▸ **Problem details**:
Repeat only the lines between the one with "The Walker Hand" and the end of the material below, both ends included. Omit any picture.

▸ **Information shown**:
========================

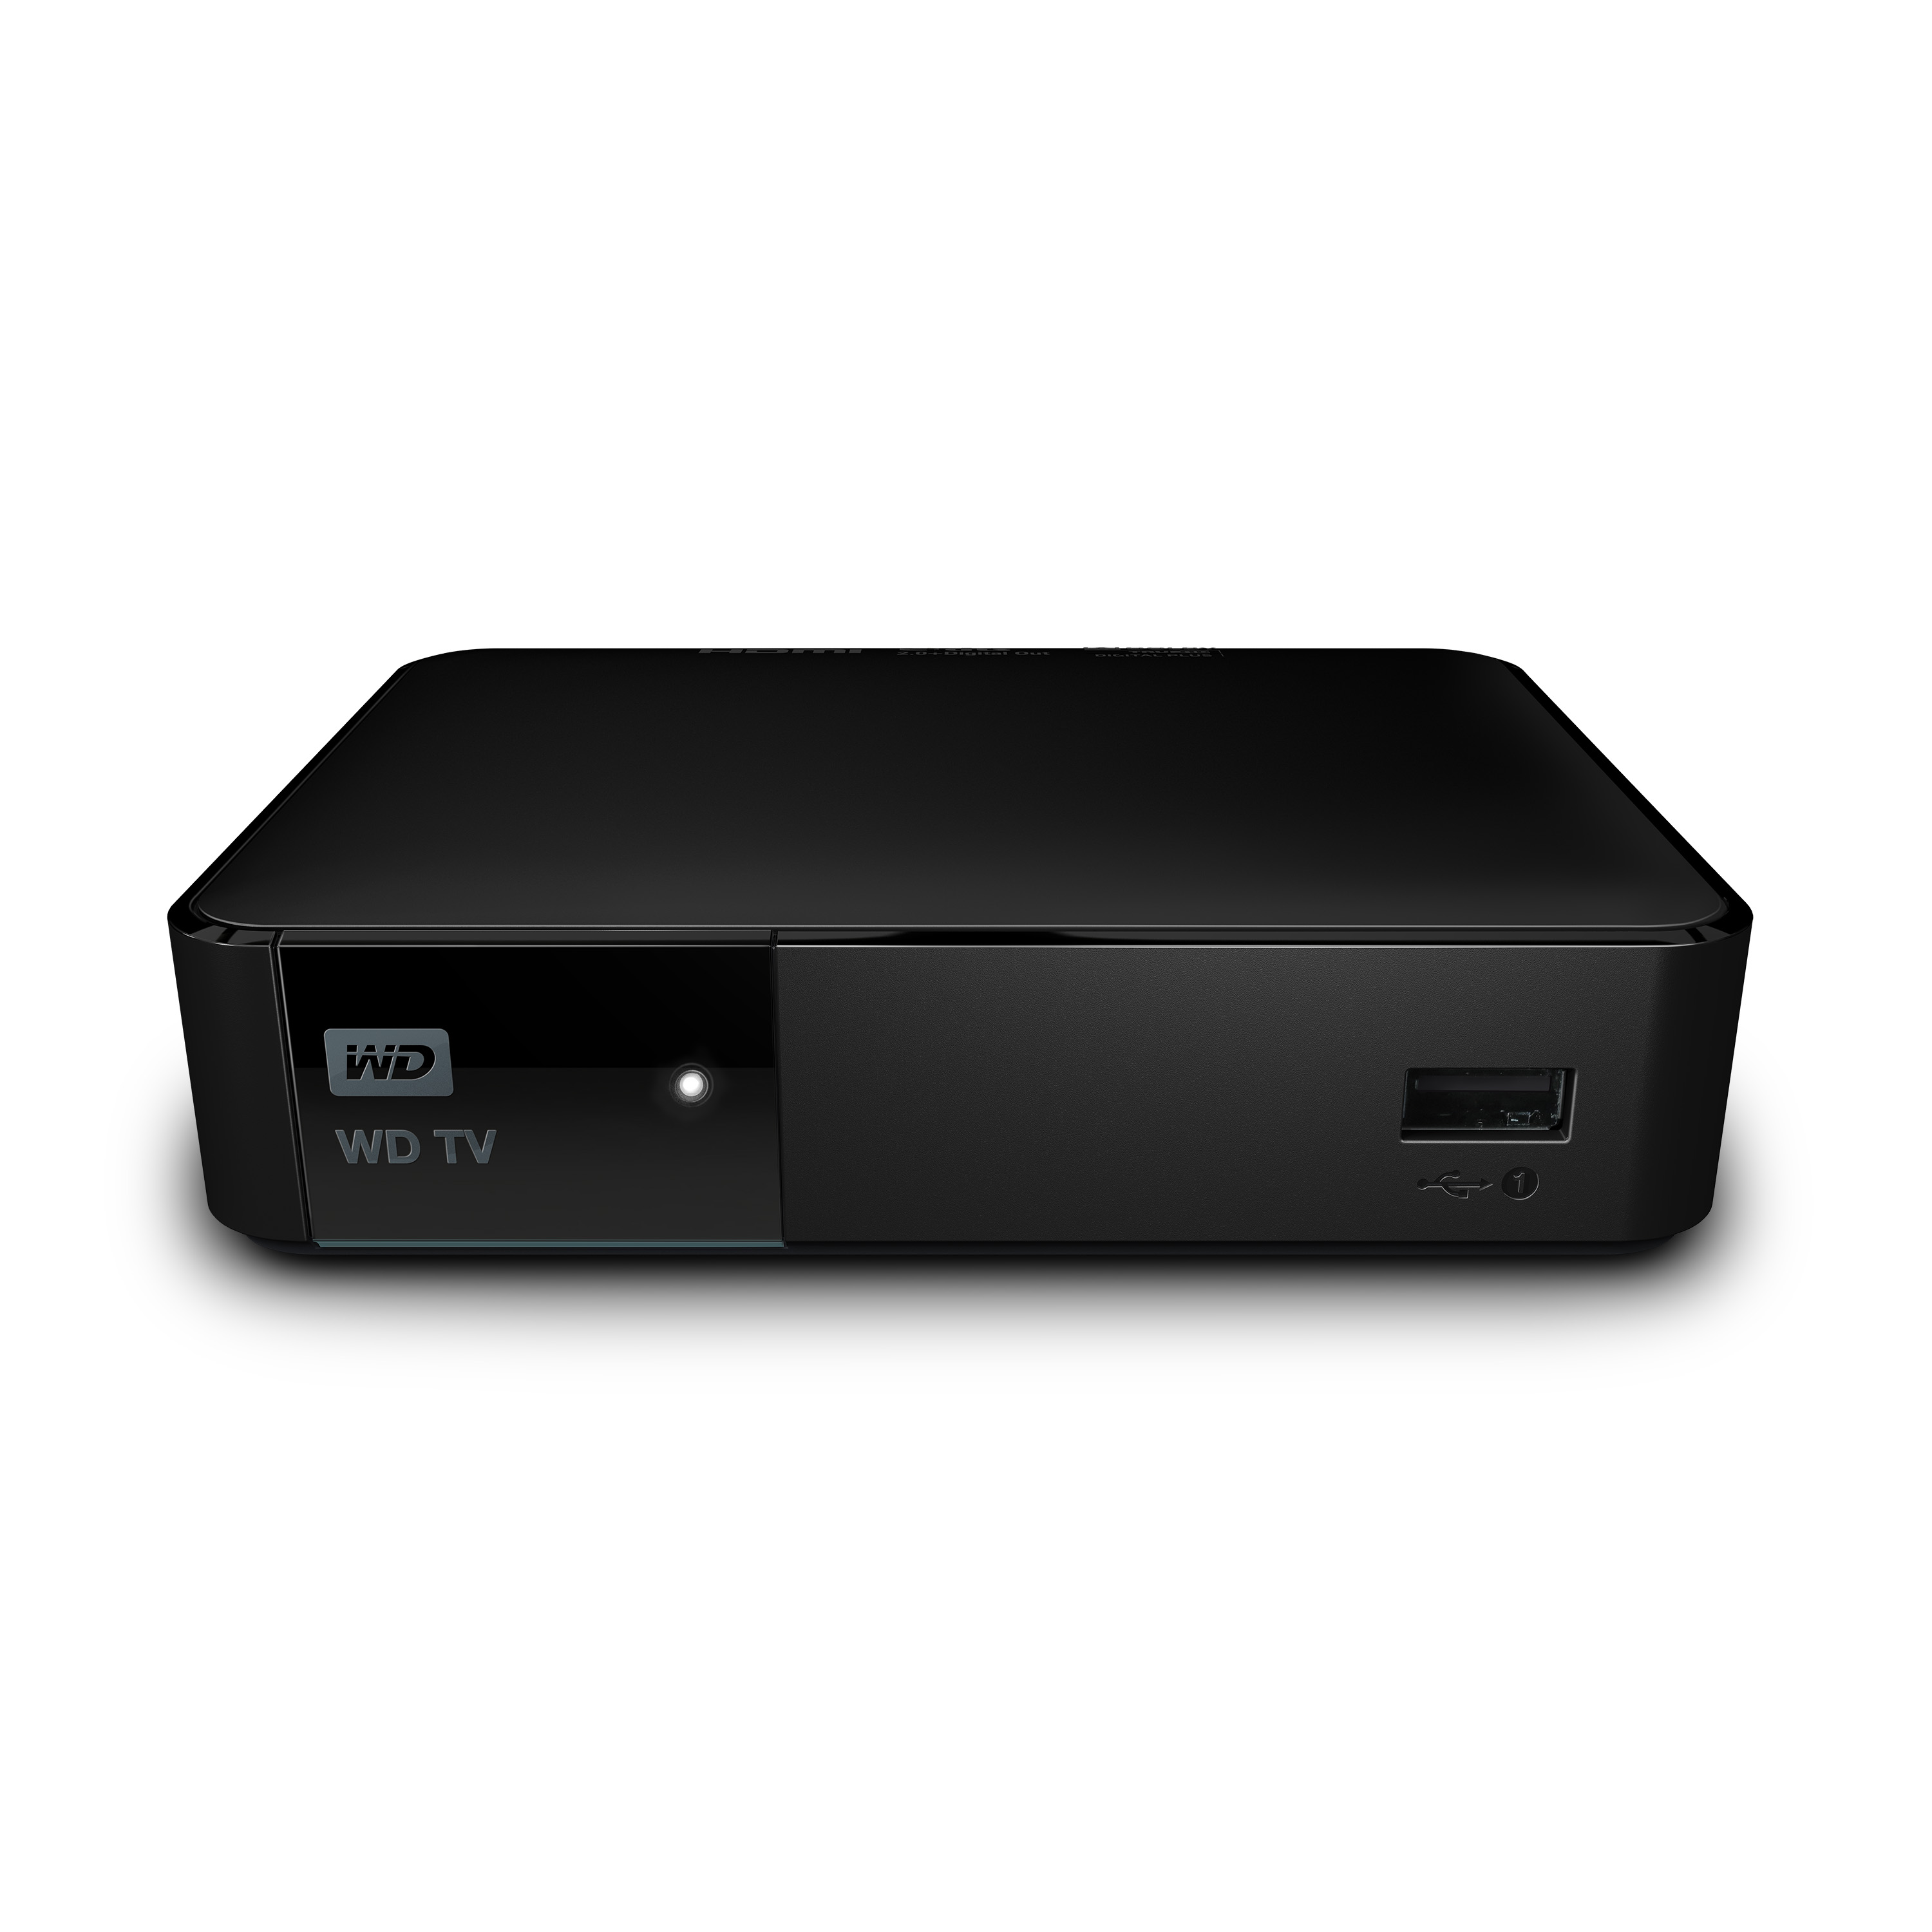 WD TV front image
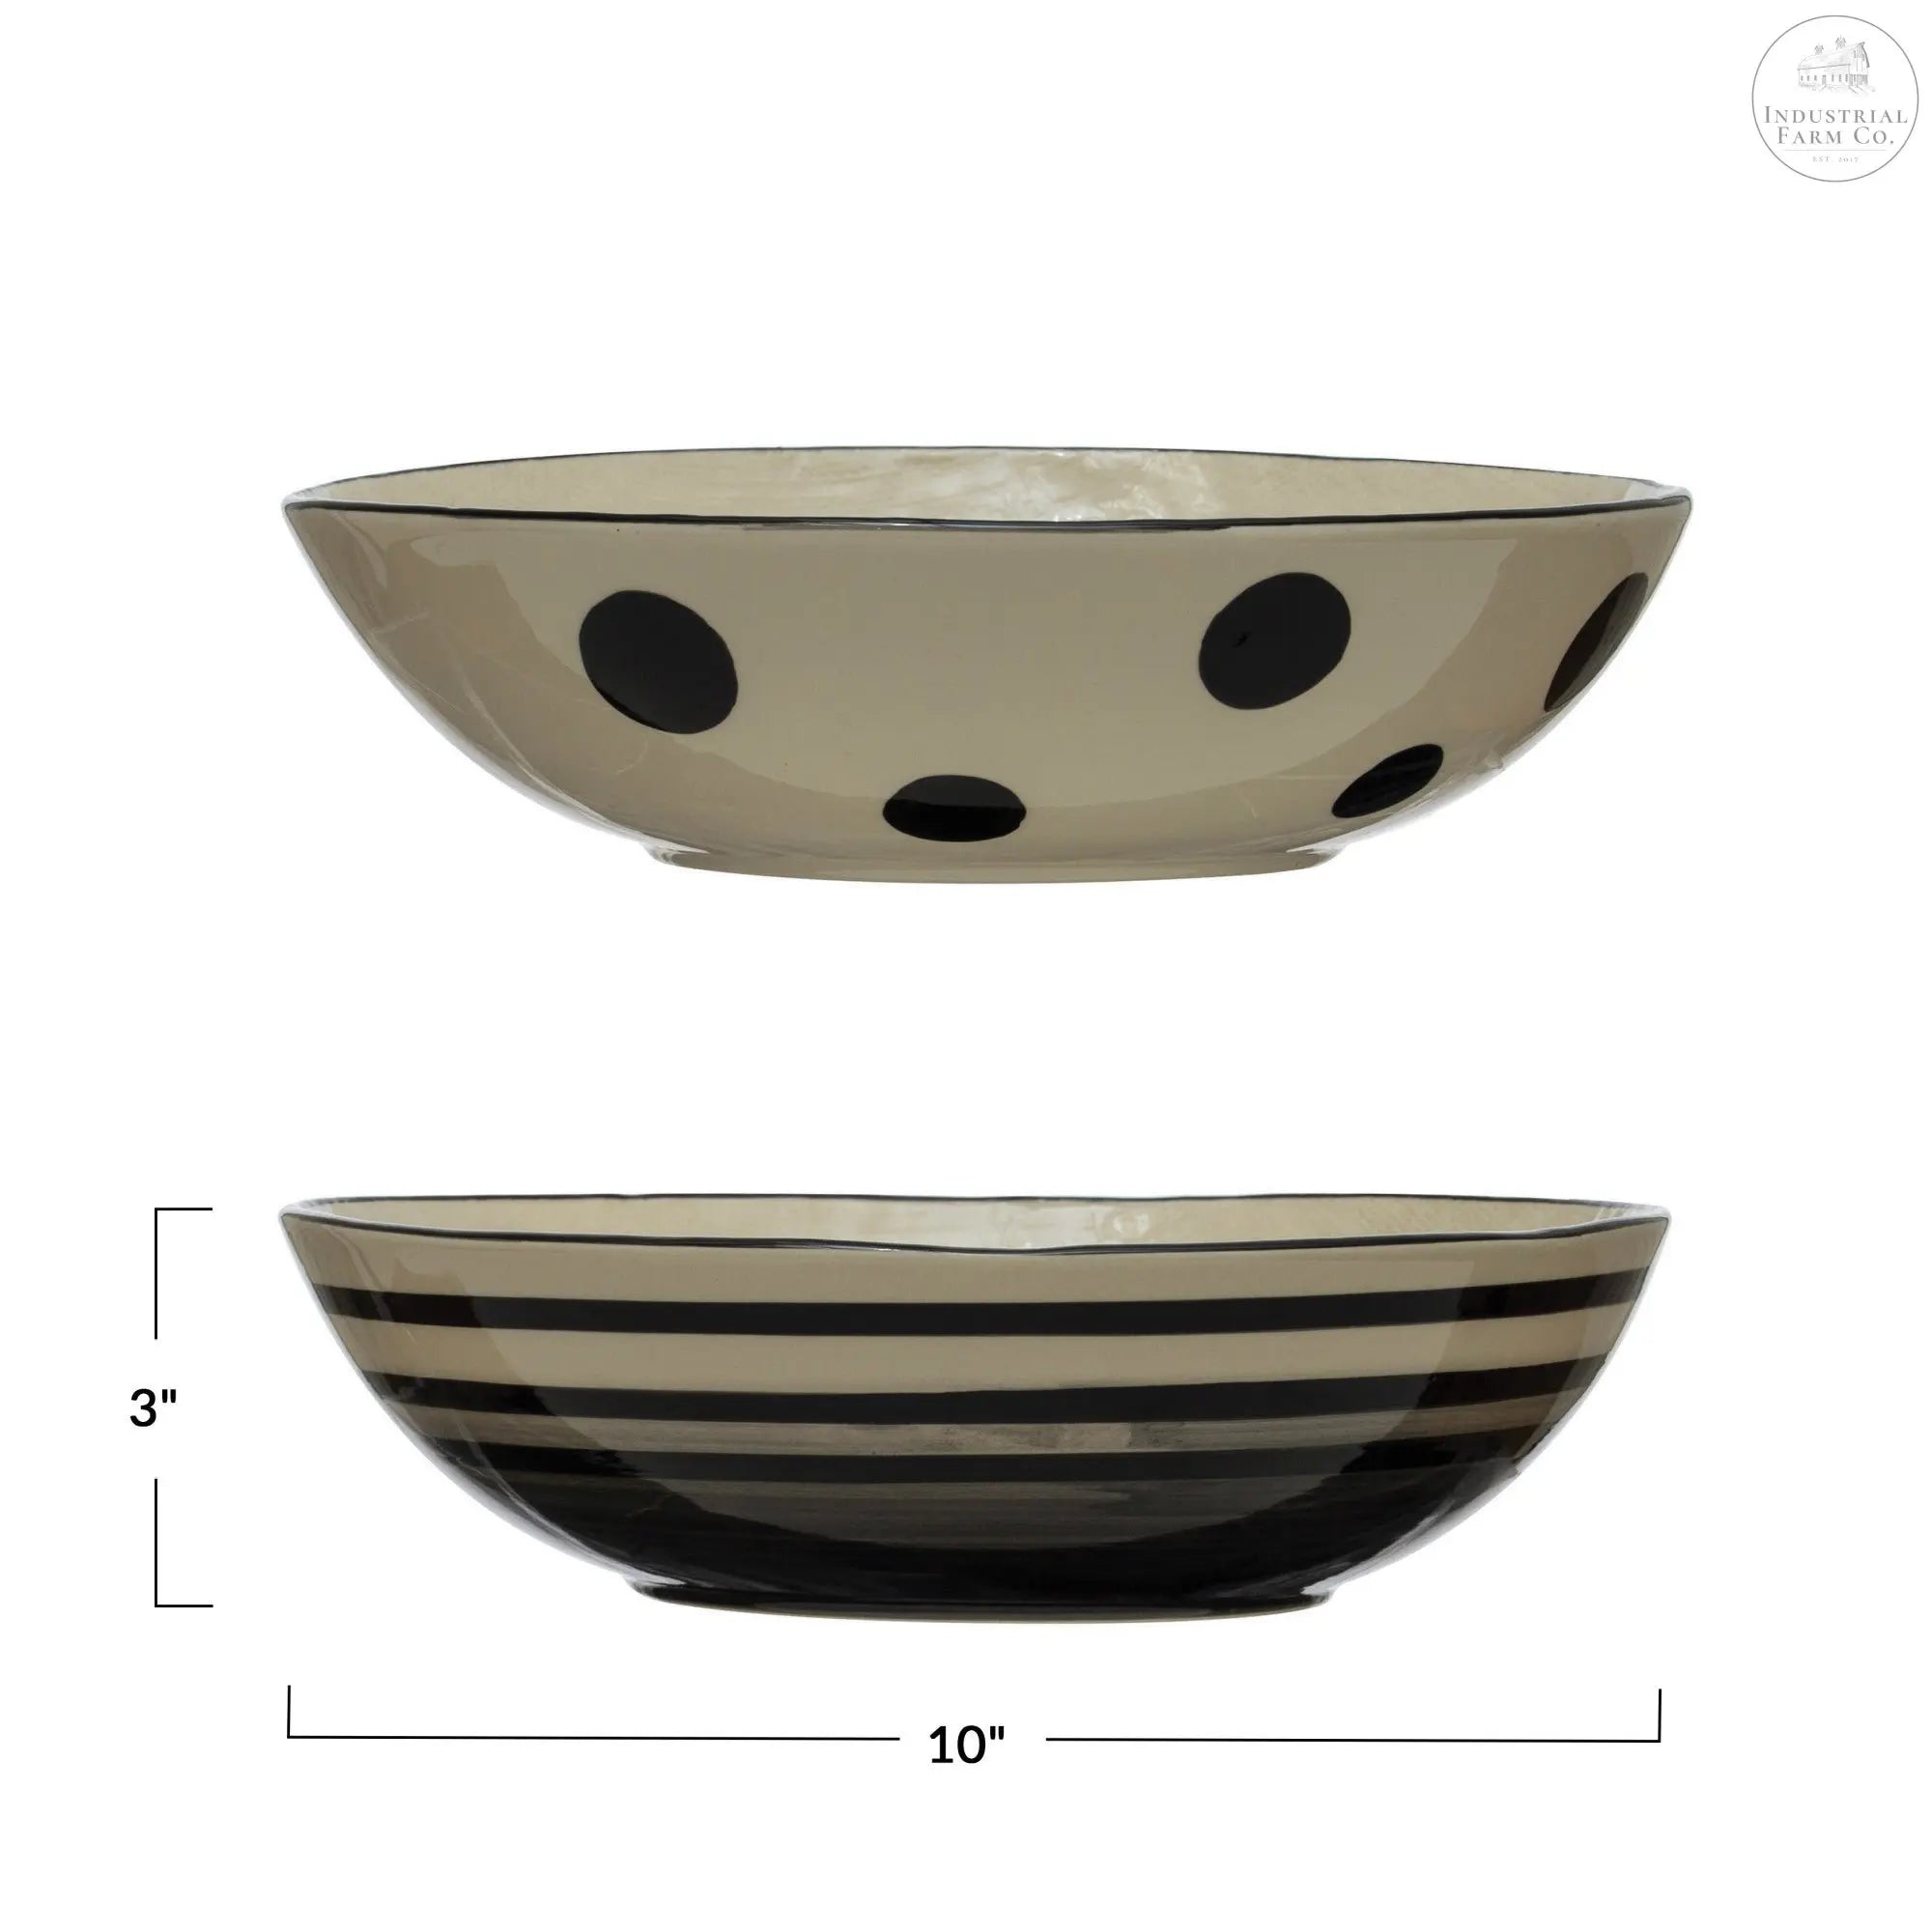 The Walker Hand Painted Serving Bowl  Dots   | Industrial Farm Co
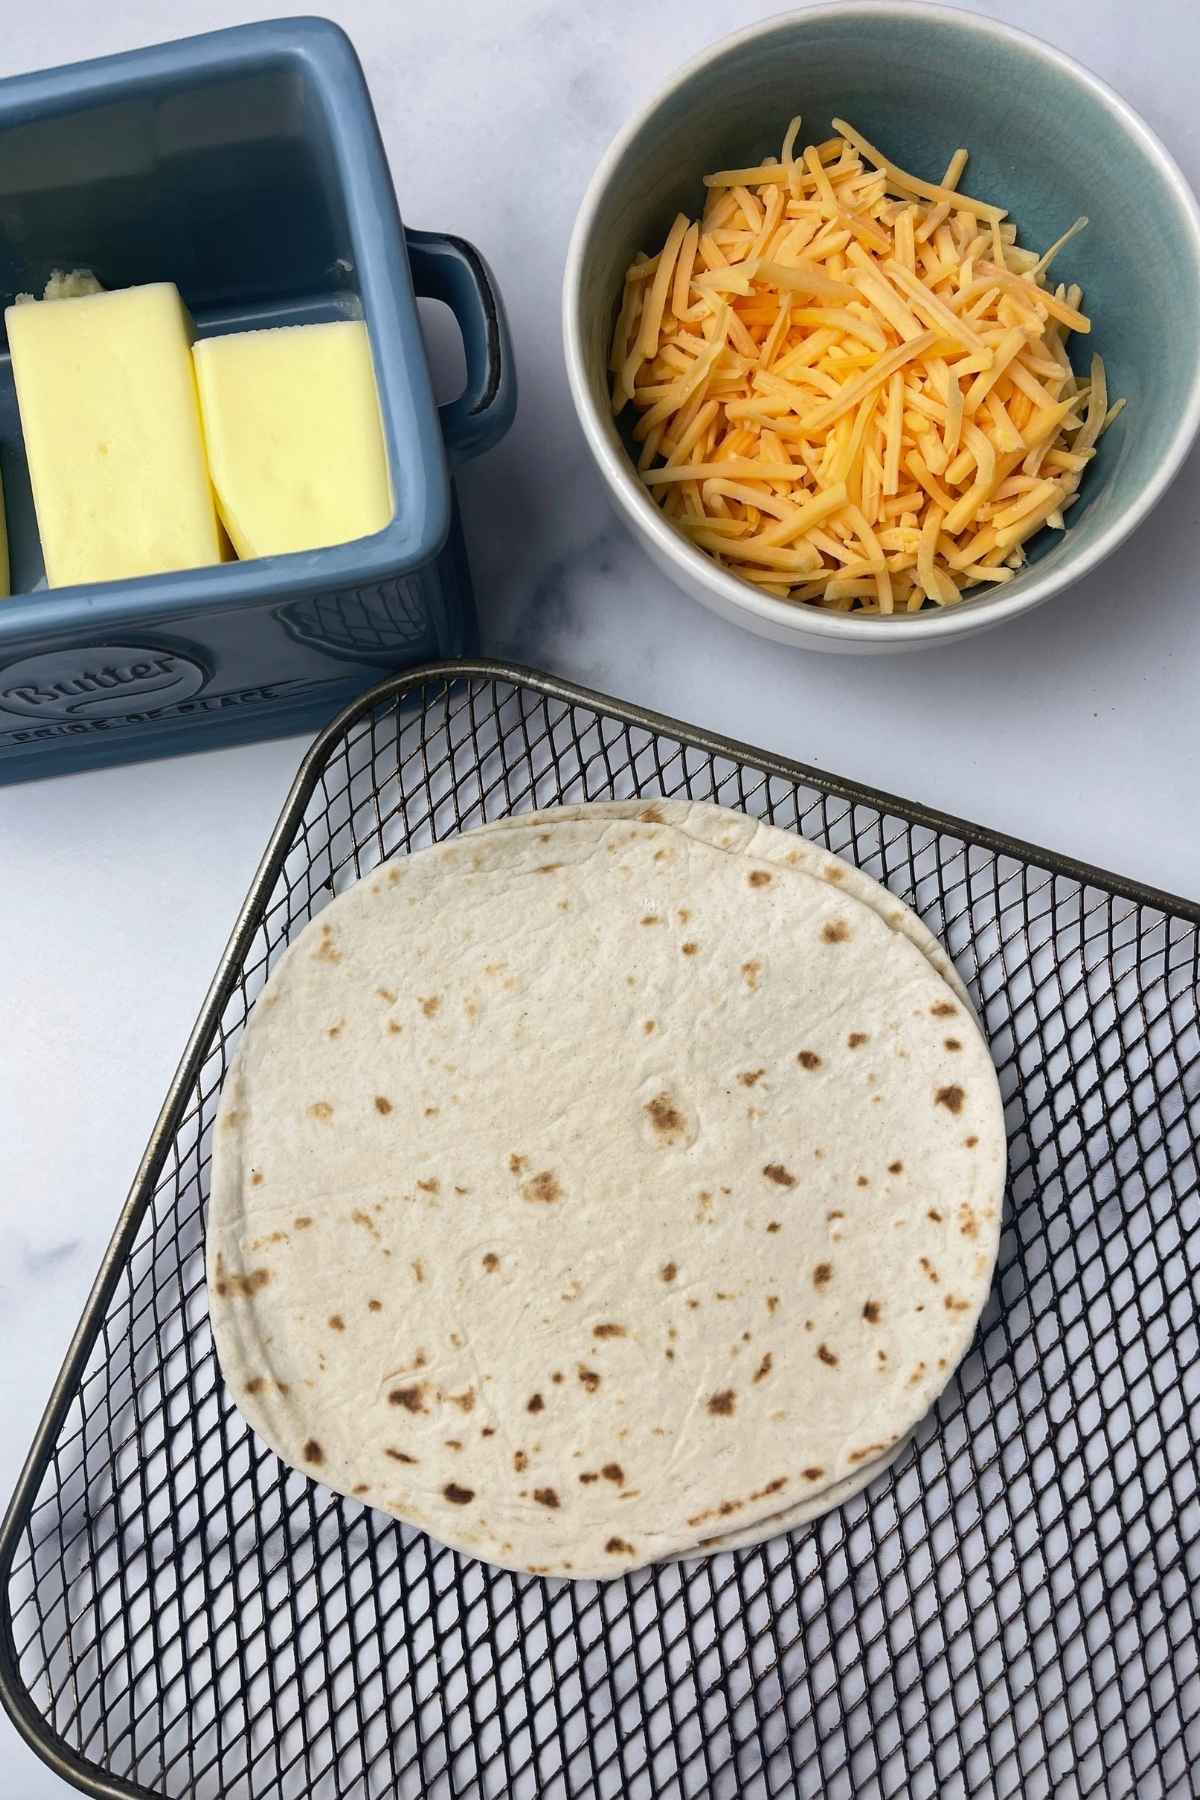 Butter, shredded yellow cheese, and two flour tortillas.

========================

▸ **Reply**:
 The Walker Hand Painted Serving Bowl  Dots   | Industrial Farm Co
 Butter, shredded yellow cheese, and two flour tortillas.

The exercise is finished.